We have done sufficient groundwork to understand the Hadoop data storage and computation model in previous sections. Now we can write our first MapReduce program to put our knowledge in practice.

Problem statement

In this problem, we will calculate the yearly average stock price of IBM from the daily stock quotes.

Publicly traded companies have fluctuating stock prices. The stock prices are available on various finance portals where you can track day-by-day movement in stock prices. Such datasets are in the public domain. We will download one such dataset that contains the historical daily stock price of IBM (Symbol: IBM). The historical stock price of IBM is available on Yahoo Finance in various formats on this URL: http://finance.yahoo.com/q/hp?s=IBM. The historical price dataset covers the stock prices from 2nd Jan 1962 until today.

Solution workflow

We will divide the solution to stock averaging into a problem in several small steps as follows:

  1. Get the dataset

  2. Study the dataset

  3. Cleanse the dataset

  4. Load the dataset on the HDFS

  5. Code and build a MapReduce program

  6. Run the MapReduce program

  7. Examine the result

  8. Further processing of the results

Each small step will help bring us closer to the final solution. Note that we are running a single node Hadoop cluster on an Ubuntu machine installed on Virtual Box. The Virtual Box itself is running on OS X Yosemite version 10.10.2.

On my Ubuntu machine, I can check the OS version as follows:

hduser@anurag-VirtualBox:~$ uname -a
Linux anurag-VirtualBox 3.19.0-25-generic #26~14.04.1-Ubuntu SMP Fri Jul 24 21:16:20 UTC 2015 x86_64 x86_64 x86_64 GNU/Linux

Getting the dataset

You can see the historical stock price of IBM on Yahoo Finance by visiting its URL at http://finance.yahoo.com/q/hp?s=IBM. You can view the prices on your browser as shown in Figure 10. We are interested in daily stock prices so that we can create a yearly average.

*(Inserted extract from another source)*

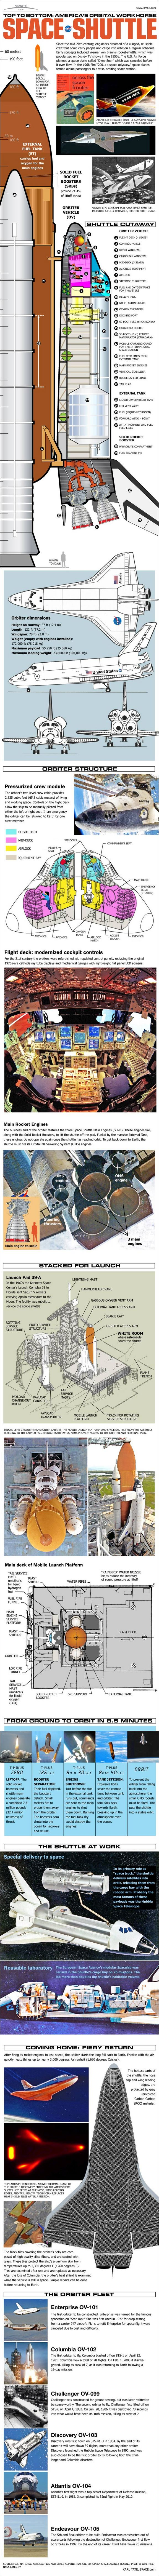 A graphical representative of NASA's space shuttle.

We will first get the dataset from Yahoo's finance website using the wget command, and then save the results in a file called ibmstockquotes.txt:

hduser@anurag-VirtualBox:~$ wget -O ibmstockquotes.txt http://real-chart.finance.yahoo.com/table.csv?s=IBM 
--2015-08-24 19:52:51--  http://real-chart.finance.yahoo.com/table.csv?s=IBM 
Resolving real-chart.finance.yahoo.com (real-chart.finance.yahoo.com)... 188.125.66.140 
Connecting to real-chart.finance.yahoo.com (real-chart.finance.yahoo.com)|188.125.66.140|:80... connected. 
HTTP request sent, awaiting response... 200 OK 
Length: unspecified [text/csv] 
Saving to: 'ibmstockquotes.txt' 
 
    [   <=>                                 ] 861,145     1.67MB/s   in 0.5s 
 
2015-08-24 19:52:52 (1.67 MB/s) - 'ibmstockquotes.txt' saved [861145] 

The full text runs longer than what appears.